If you’ve been self-employed for any length of time, then you’ve probably heard the horror stories about fellow business owners being audited.  In fact, the IRS tends to pay close attention to sole proprietorships of all sizes and is particularly tough on businesses that deal mainly in cash.

Offering decades of industry experience, the team at Accurants is glad to provide tips to help self-employed persons avoid audits while keeping more of their money in their pockets.  Along with claiming your total income and not deducting items you don’t have to buy, follow the below tips to steer clear of everyone’s least-favorite government department.

Check Your Math

A small mistake on your tax return can spell disaster for your business’ bottom line.  To avoid costly audits, take the time to review your math and make sure you transferred all the numbers from your records to your return correctly. The last thing you want to do is alert the IRS’ attention because you failed to carry the two.

Avoid IRS Red Flags

If you want to prevent an audit, avoid those deductions that trigger the IRS to take a second look at your finances.  According to Legal Zoom, bad-debt costs, healthcare bills, meals, and travel are among the deductions most likely to raise eyebrows with the IRS.  So, if you plan to write off expenses in one or more of these categories, take time to document your purchases carefully.  Additionally, the IRS has historically been harsh on self-employed people who record a lot of driving deductions.  If your job requires you to be in the vehicle frequently, make an effort to keep a careful record of mileage, business purpose, start and end time of your trip.  It’s also a good idea to note the odometer reading at the beginning and end of the fiscal year.  Accurants has mileage log as part of their business suite where you can add your trip details and it will automatically calculate the deductible expenses by bringing in IRS Cost Per for Miles.

Just as mileage claims with details can increase the audit risks, so are excessive charitable donations.  If you have made charitable donations, it is always advisable to request a statement, from the organization that you donated to, with your name, date, amount and tax id of the organization.

You might also want to include an explanation of any deductions that are much higher than those logged last year to head off questions.  Finally, it’s a good idea to avoid filing amendments to your tax return, as IRS agents tend to look more suspiciously at these.

Keep Records

Diligently noting every purchase and sale for your business is one of the best ways to avoid an audit – and survive one should it occur.  Along with proof of big purchases, like cars, computers, and other equipment, strive to keep track of money paid to contractors and employees.  Additionally, you should take care not to record any personal expenses as business deductions. The goal is to keep these two areas of your life as separate as possible.  Finally, be sure to keep your tax documents somewhere safe, such as in a cloud-based software program, rather than anywhere they can be lost or damaged.

Seek Professional Help

Studies show that the IRS is less likely to audit businesses that use professional firms to file their returns than those who go the DIY route.  If you want to avoid an audit, consider working with a professional.

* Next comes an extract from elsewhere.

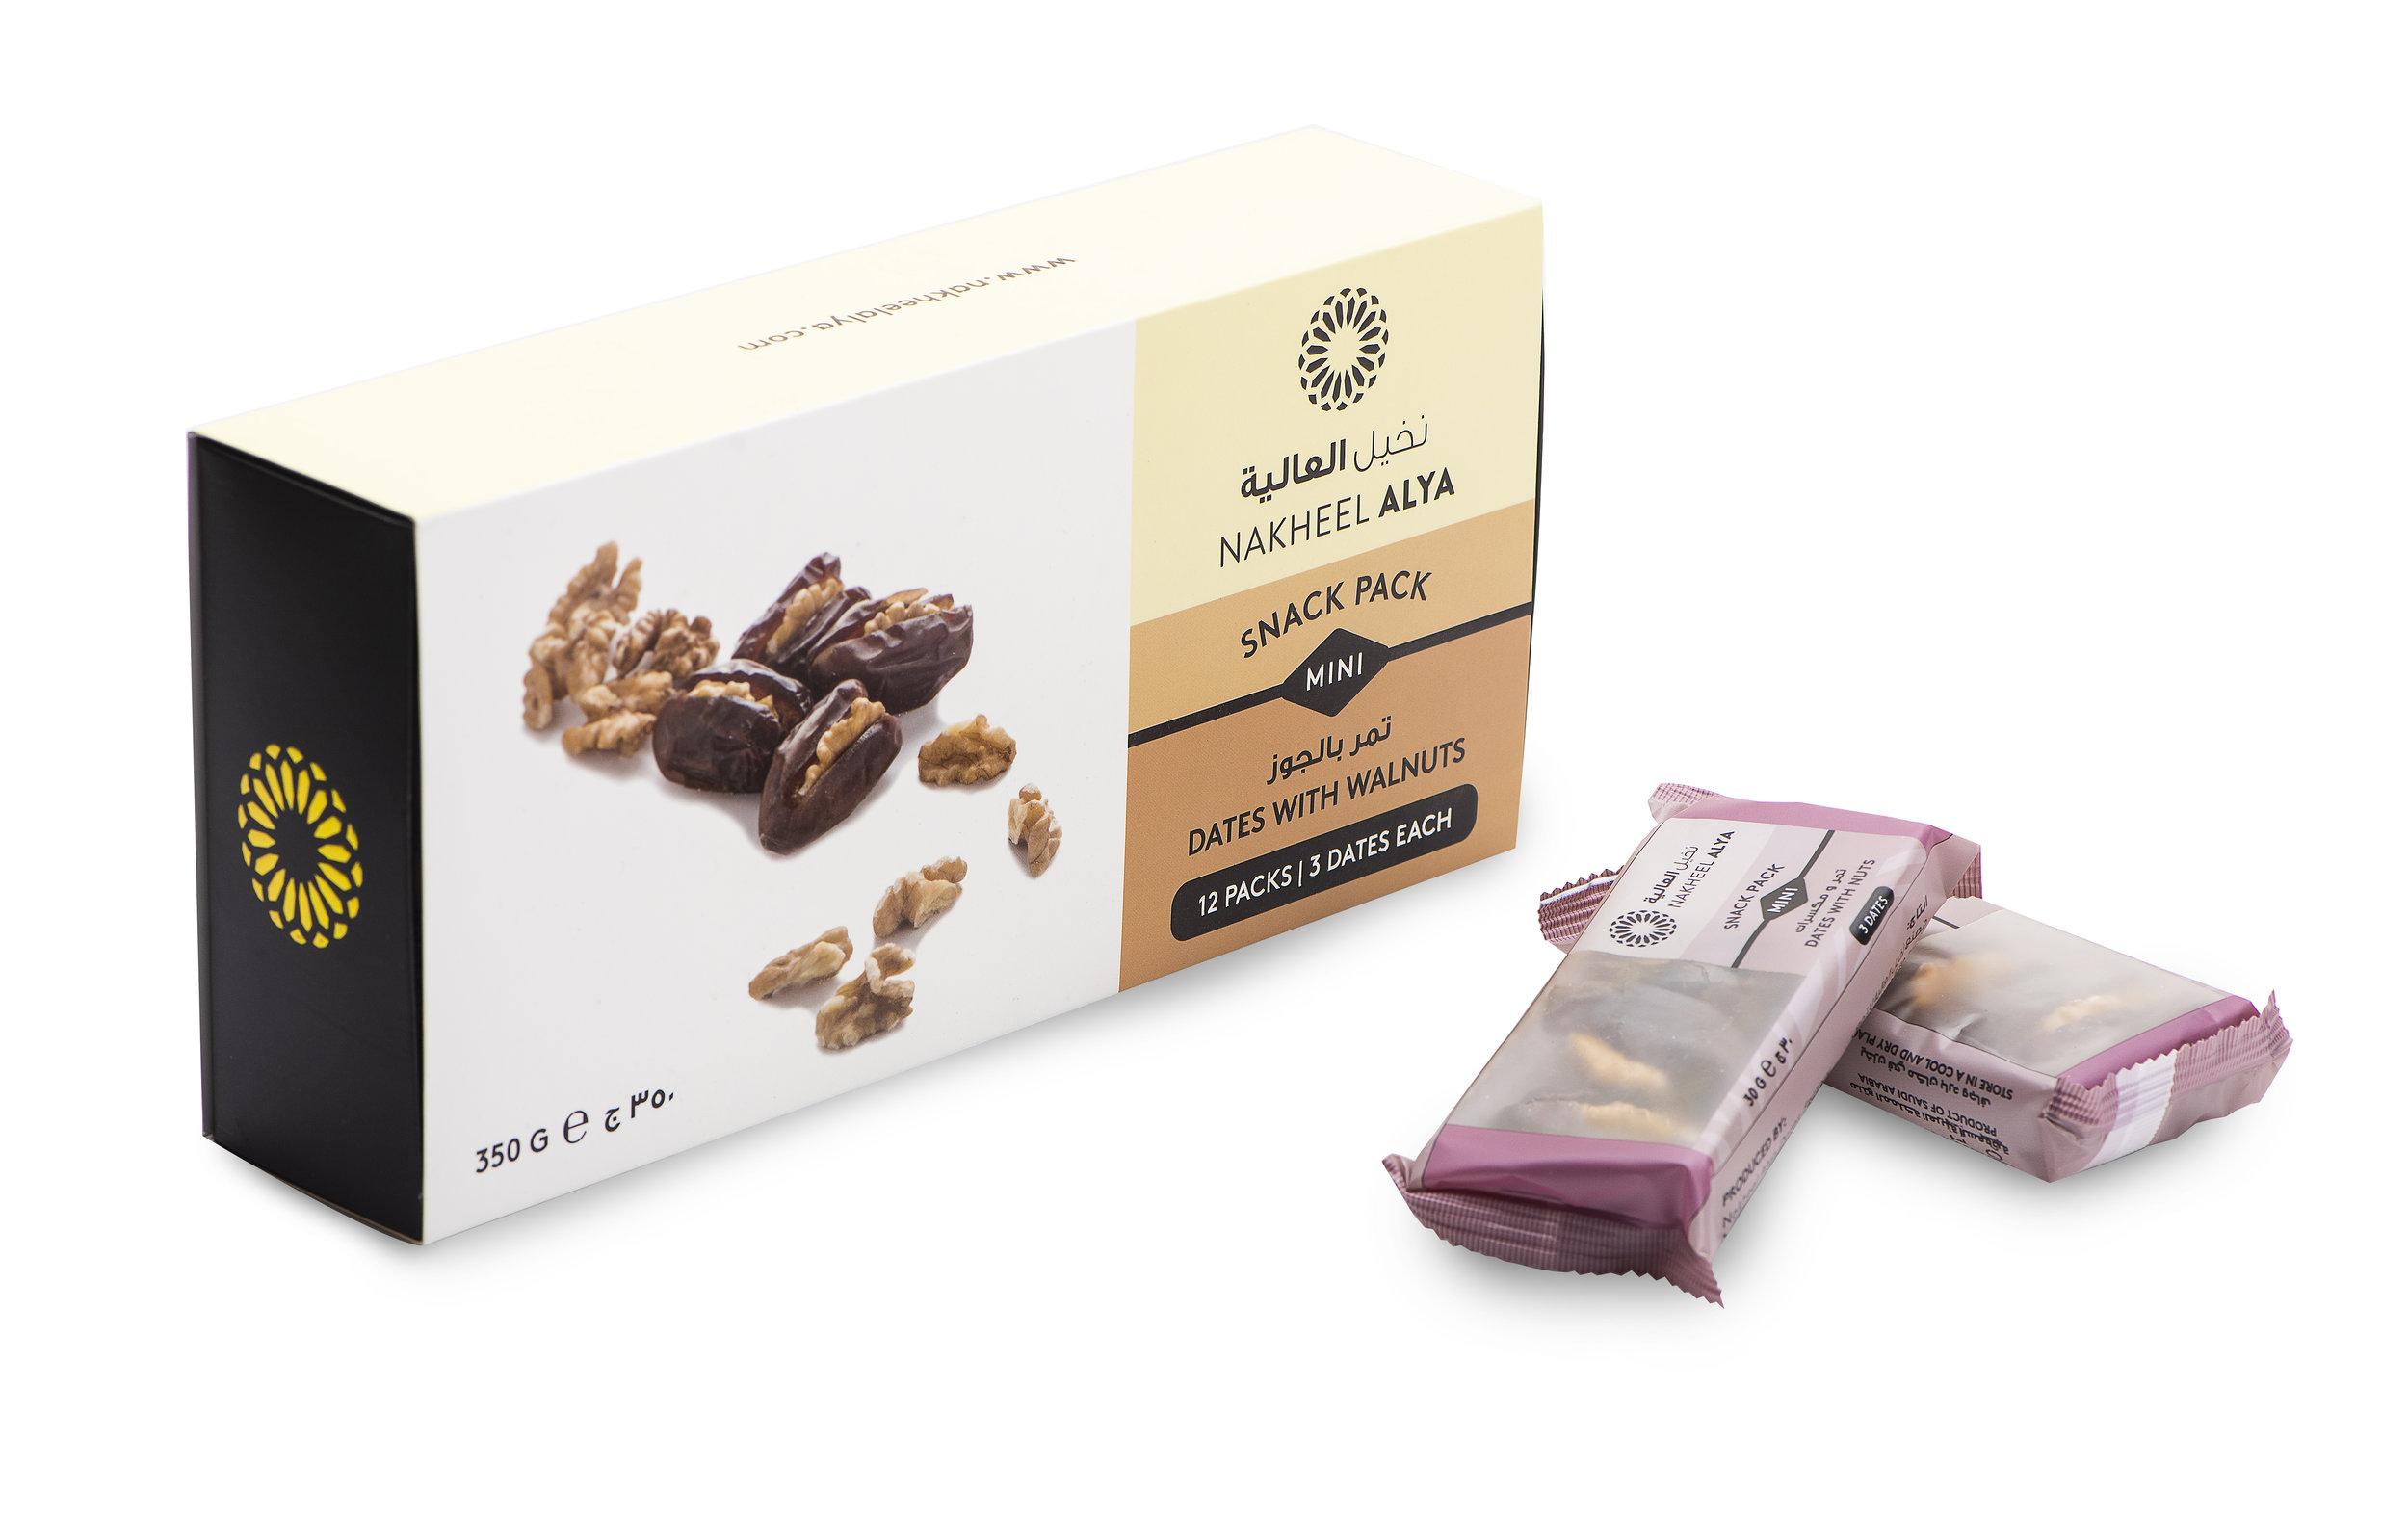 Snack Pack Mini - Dates w Walnut.jpg

Contact Accurants Today for Tax Support

 Don’t leave your business vulnerable to a tax audit this year.  A leader in small business accounting, Accurants helps owners with a wide array of tax tasks, from tracking 1099-eligible vendors to filling out and generating Schedule C forms.  For self employed persons using Accurants, it generates a complete Schedule C form which they have take to a tax professional and reduce their overall tax preparation expenses.  Additionally, we can assist you in logging mileage and other deductions throughout the year.  To find out more about our services, call today or register to try Accurants for free online.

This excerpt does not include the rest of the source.